No ano de 1826, a primeira foto do mundo havia sido registrada, o mundo pela
primeira vez conseguia ver a reprodução da realidade em uma folha de papel, 69 anos depois,
surge o primeiro filme exibido no mundo, ele ultrapassa a imaginação do povo na época ao
verem imagens em movimentos serem reproduzidas, esses primórdios de registros que veriam
se tornar o audiovisual abriram espaço para 67 anos depois é lançado, oficialmente, o
primeiro videogame, a primeira experiência audiovisual interativa.
Por mais que os jogos digitais troquem as câmeras, os atores, os equipamentos por
códigos, ele ainda se aproxima do cinema ao se tratar de imagens em movimento, porém desta
vez utilizadas de forma interativa e também vale mencionar que a idéia para fazer o primeiro
jogo era transformar a literatura de ficção científica em filme, mas sem os recursos
necessários os três estudantes do MIT (Instituto de Tecnologia de Massachusetts), Slug
Russel, Wayne Wiitanen e Martin Graetz, acabaram por criar uma sequência de códigos que
se tornava possível controlar uma nave espacial que saia distribuindo tiros pelo espaço sideral,
o “Spacewar!”. Outra curiosidade importante de se mencionar sobre a criação do jogo é que
ele, também, foi criado como forma dos alunos se distraírem nas horas vagas entre as aulas,
ou seja, criado para a auto alienação dos estudantes.
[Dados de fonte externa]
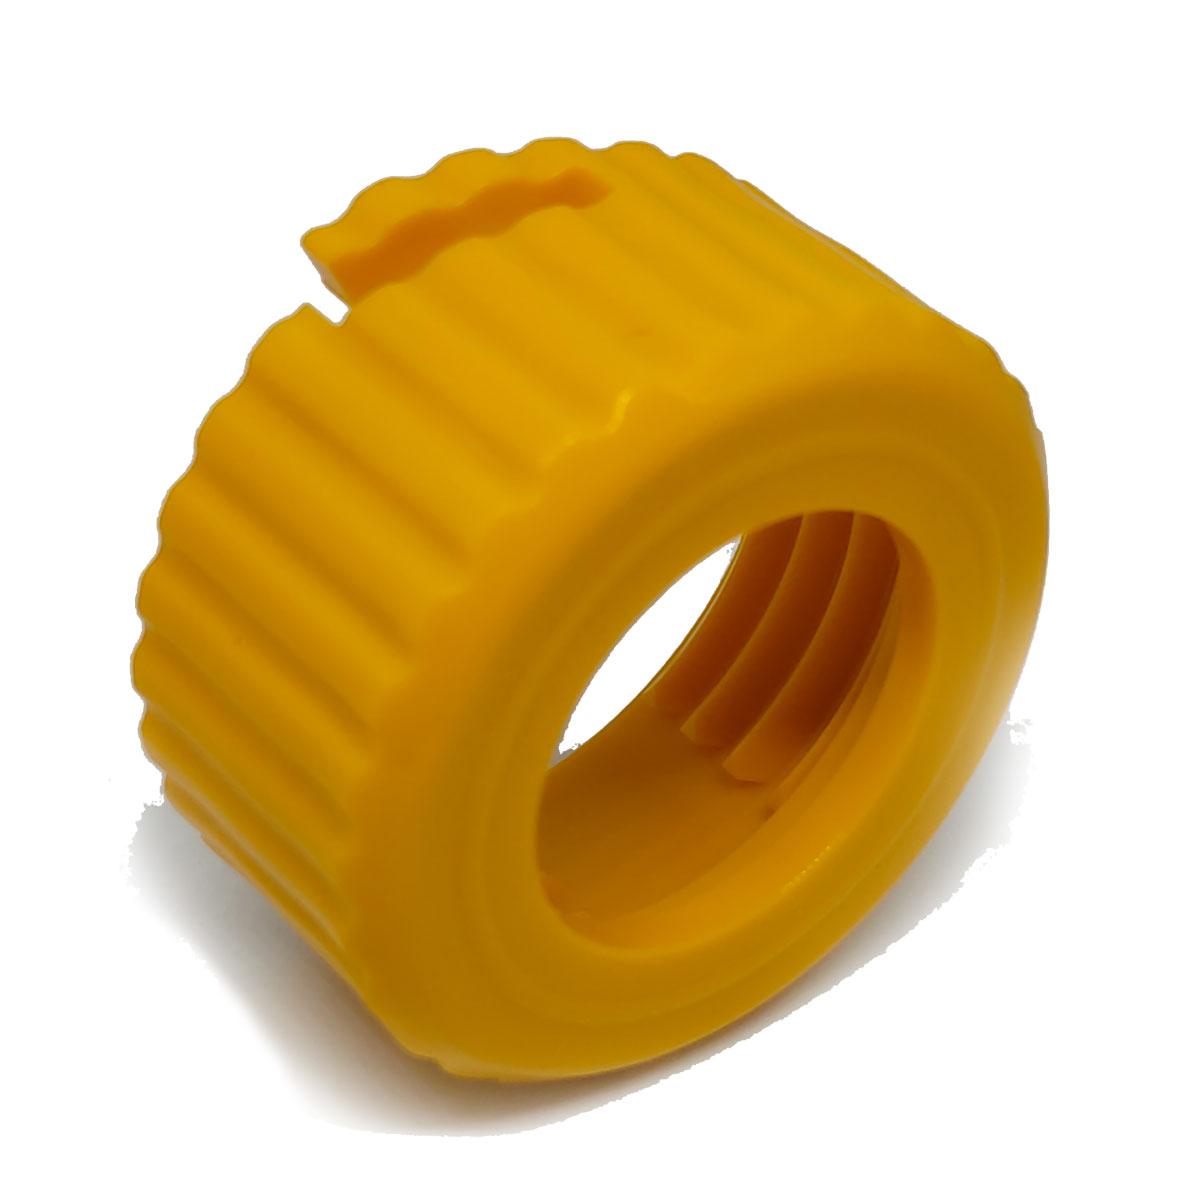 Porca Amarela de Fixação do Carretel Lubing

Por mais que os criadores do primeiro jogo não tenham ganhado nem um real com a
criação, não demorou muito para a nova tecnologia ser comercializada, afinal, ela surgiu
durante a guerra fria, momento no qual o capitalismo vinha crescendo de forma exponencial.
Em 1968 é criado o primeiro dispositivo capaz de rodar diferentes jogos, o “Brown Box”,que
dá origem aos futuramente chamados consoles. Até então os jogos digitais só existiam em
grandes computadores existentes somentes em algumas universidades, a partir desse momento
a popularização e comercialização de videojogos disparou e foi se lançando consoles atrás de
consoles, onde a população poderia passar grande parte de seus tempos livres, “vivendo” a
vida de diversos personagens, sem precisar sair de casa.
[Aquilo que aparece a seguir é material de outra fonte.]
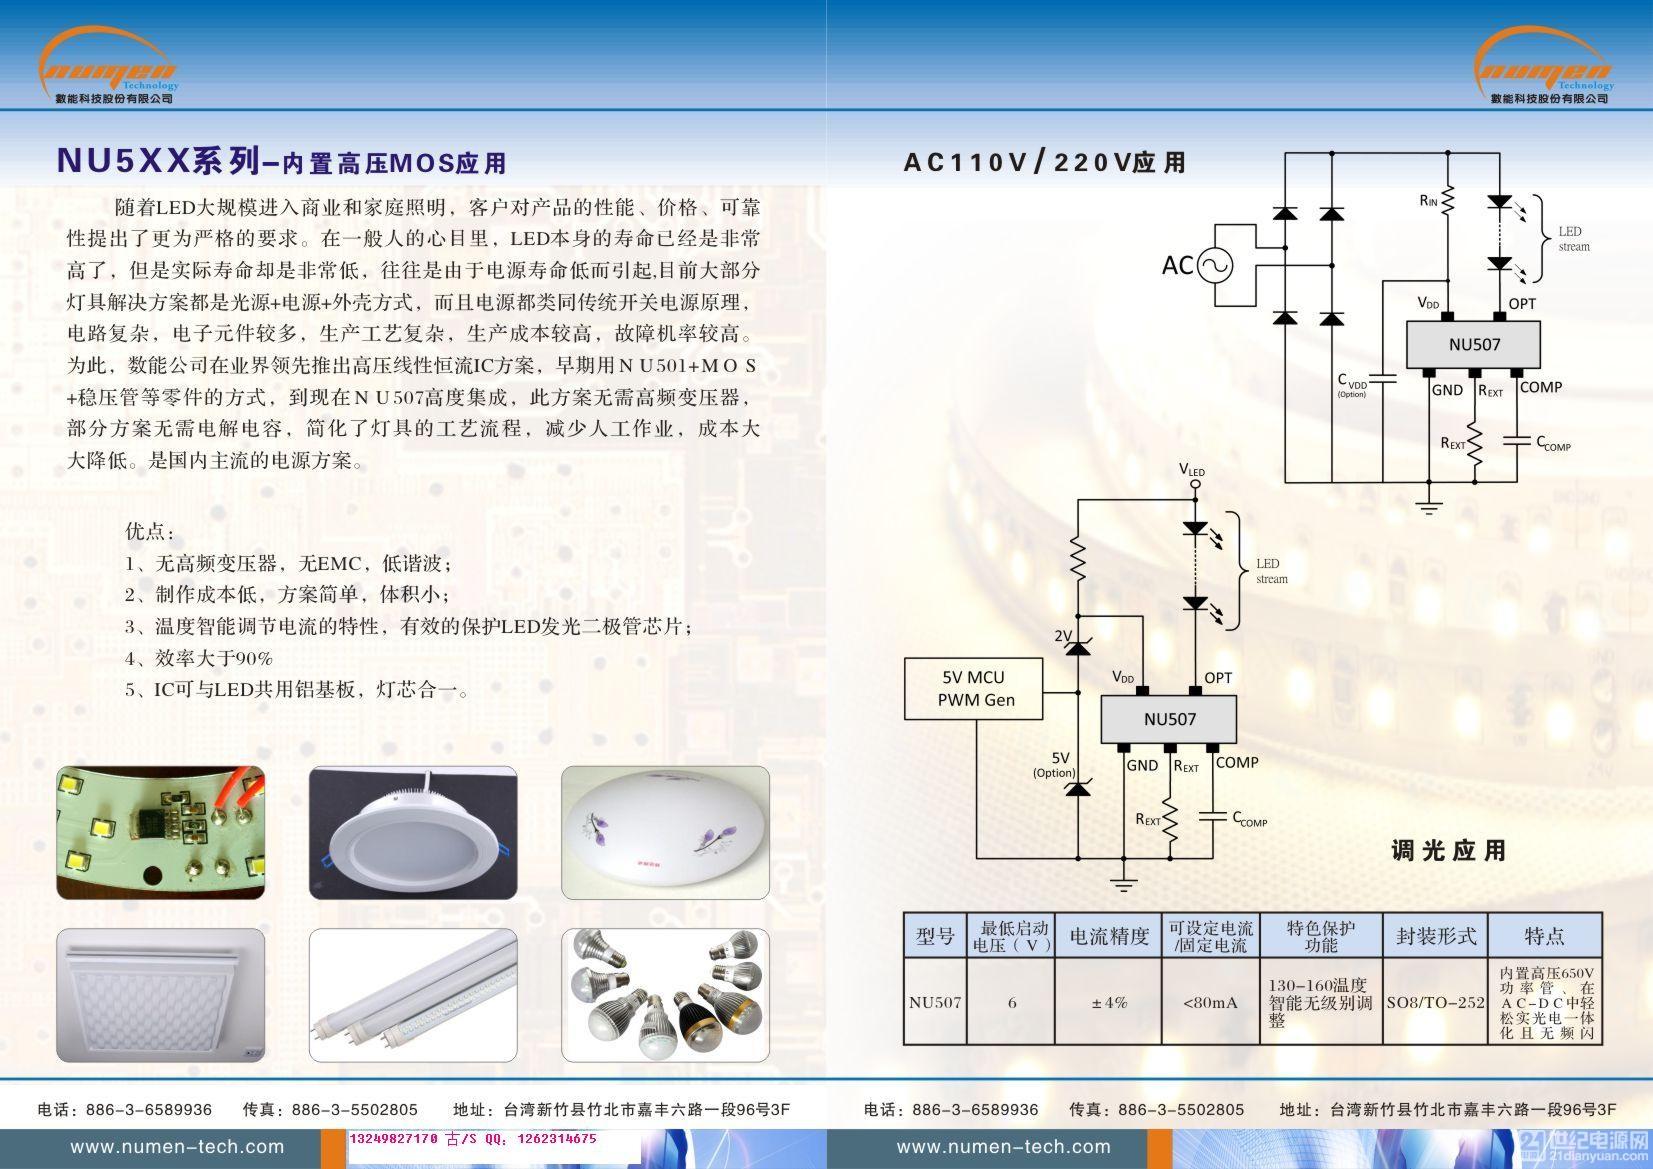 数能科技公司NU507产品应用彩页04.jpg

Tudo isso nos leva para os tempos atuais, onde os jogos digitais estão integrados na
sociedade, principalmente em jovens de classe alta, essa integração já gerou diversos debates,
em sua maioria discutindo o mal causado pelos jogos, principalmente as questões de
violência, mas pouco se fala na forma em que o videogame vem se tornando uma ferramenta
política e um forte veículo de comunicação, como visto na série de jogos “Life is Strange”,
onde você controla a personagem “Max”, uma garota de 18 anos que tem que lidar com
diversos assuntos sociais presentes na atualidade, como a questão da identidade de gênero,
saúde mental, educação sexual e feminismo. O jogo tem um grande foco na narrativa,
justamente para poder gerar debates políticos acerca de assuntos tão relevantes para os jovens.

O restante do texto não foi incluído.